What Is Wolverine Blend?

Wolverine Blend is a pre-mixed single-vial combination of BPC-157 and TB-500 in a 1:1 ratio by mass. It exists because the two peptides are the canonical healing stack and they work on completely separate, non-overlapping mechanisms - combining them in one vial removes a reconstitution step and a separate draw without changing the pharmacology. BPC-157 (Body Protection Compound, a 15-amino-acid pentadecapeptide derived from a protective sequence in human gastric juice) works mostly locally: it upregulates VEGFR2 and drives new capillary formation into damaged tissue, modulates the nitric oxide system to protect against ischemia/reperfusion damage, and upregulates growth hormone receptor expression on fibroblasts (which is the proposed handoff to the GH axis for tendon healing). TB-500 (the N-acetyl active fragment of Thymosin Beta-4) works systemically: it binds G-actin monomers and regulates actin cytoskeleton assembly, which is what lets cells migrate to injury sites, build new tissue, and form new blood vessels. Downstream of that, TB-500 upregulates VEGF and other angiogenic factors, activates progenitor and endothelial cells into the wound bed, and dampens pro-inflammatory cytokines (TNF-alpha, NF-kB).

The two layer cleanly. BPC drives the local capillary growth and tells the tissue near the injection site to repair; TB-500 drives the systemic cell-migration and inflammation-resolution layer that BPC alone doesn't fully cover. In plain language: BPC tells the body to grow new blood supply into broken tissue, TB-500 tells the cells to move in, lay down structure, and quiet the inflammation. Together they cover the full repair cycle (angiogenesis, cell migration, tissue remodeling, inflammation resolution), which is why this stack became the default community answer for injury and recovery research over the last decade.

Protocols

Typical dose ranges by experience level - educational reference. Message us and we tailor it to you.

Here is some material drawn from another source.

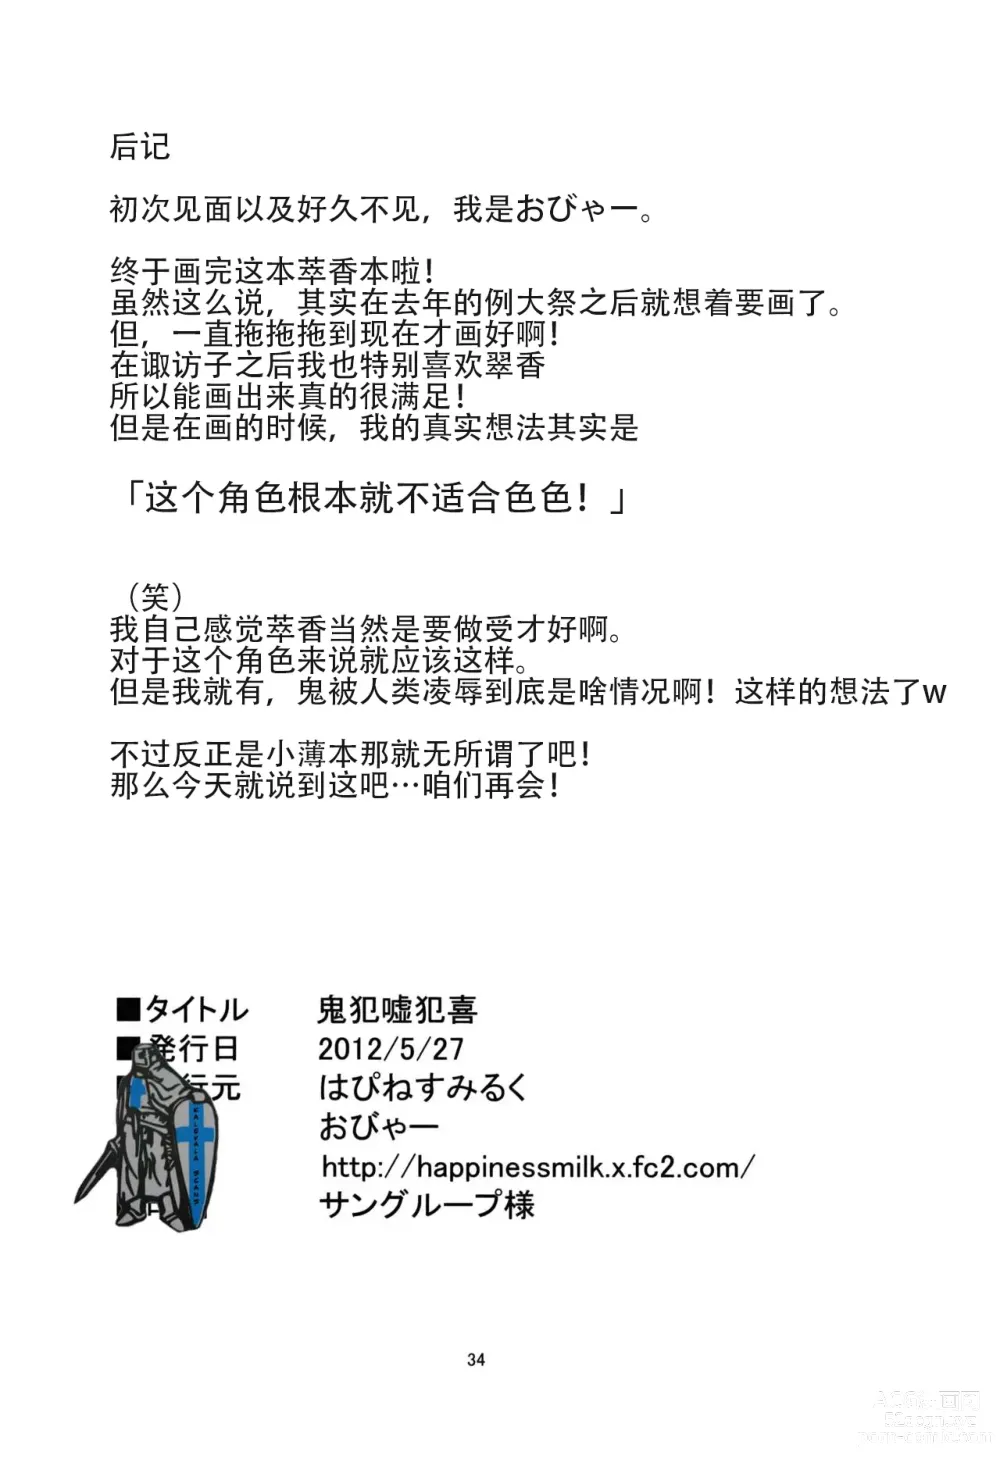 Page 34 of doujinshi Oni Hankyo Hanki

Protocol250 mcg BPC + 250 mcg TB-500 SubQ once daily (one combined dose from the blend)
Frequency1× per day, same time daily preferred. Some users add a second daily dose for the first week to front-load.
Duration8-12 weeks on, then 4 weeks off

This is the entry-level protocol for general recovery, training maintenance, minor soft-tissue niggles, or post-workout joint protection. BB10 reconstituted with 2 ml BAC = 5 mg/ml total blend = 2.5 mg/ml BPC + 2.5 mg/ml TB-500. So 0.1 ml = 10 IU delivers 250 mcg of each. One BB10 vial lasts 20 days at this dose; a 10-vial BB10 kit covers ~200 days of continuous use, well past a full 8-12 week cycle. Effect is gradual - don't expect overnight, expect noticeable improvement 2-4 weeks in.

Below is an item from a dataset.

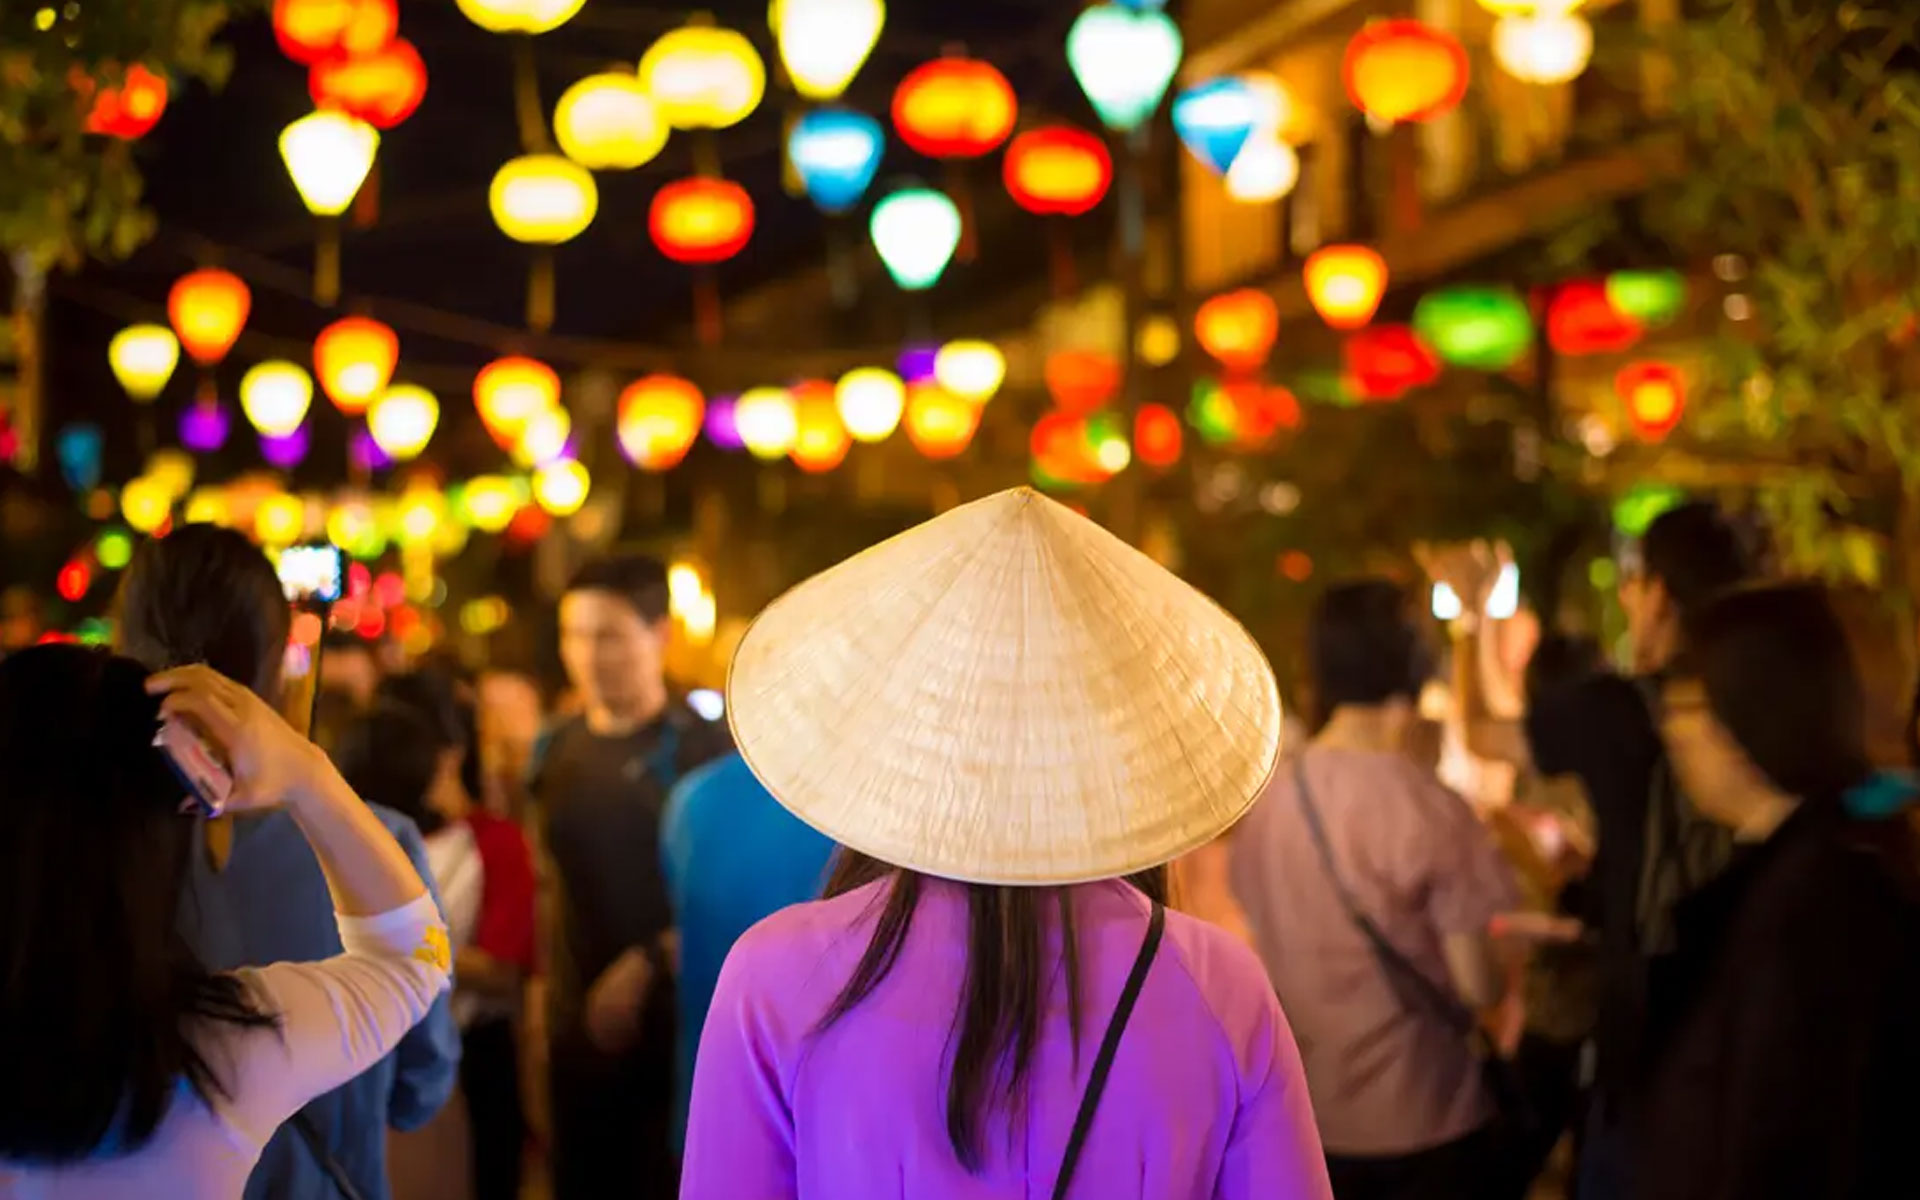 Non La (conical hat) - a symbol of Vietnamese women.

Protocol500 mcg BPC + 500 mcg TB-500 SubQ once daily, or 250 mcg each twice daily (AM + PM split)
Frequency1-2× per day during active injury phase; 1× per day for chronic recovery work
Duration8-12 weeks on, 4 weeks off

Standard working dose for an actual soft-tissue injury (tendinitis, ligament strain, muscle tear, post-surgical recovery), chronic overuse research, or rotator cuff/Achilles/plantar fasciitis protocols. BB10 reconstituted with 2 ml BAC at 0.2 ml = 20 IU delivers 500 mcg of each. Or use BB20 (10 mg/ml of each) and dose 0.1 ml = 10 IU for the same 500 mcg + 500 mcg. The BB20 is more efficient at this dose band - one vial lasts 20 days at 500 mcg daily and the kit covers ~200 days. Split AM/PM dosing is preferred for acute injury because of BPC's short ~4 hr plasma half-life - keeps the angiogenic signal steadier through the day.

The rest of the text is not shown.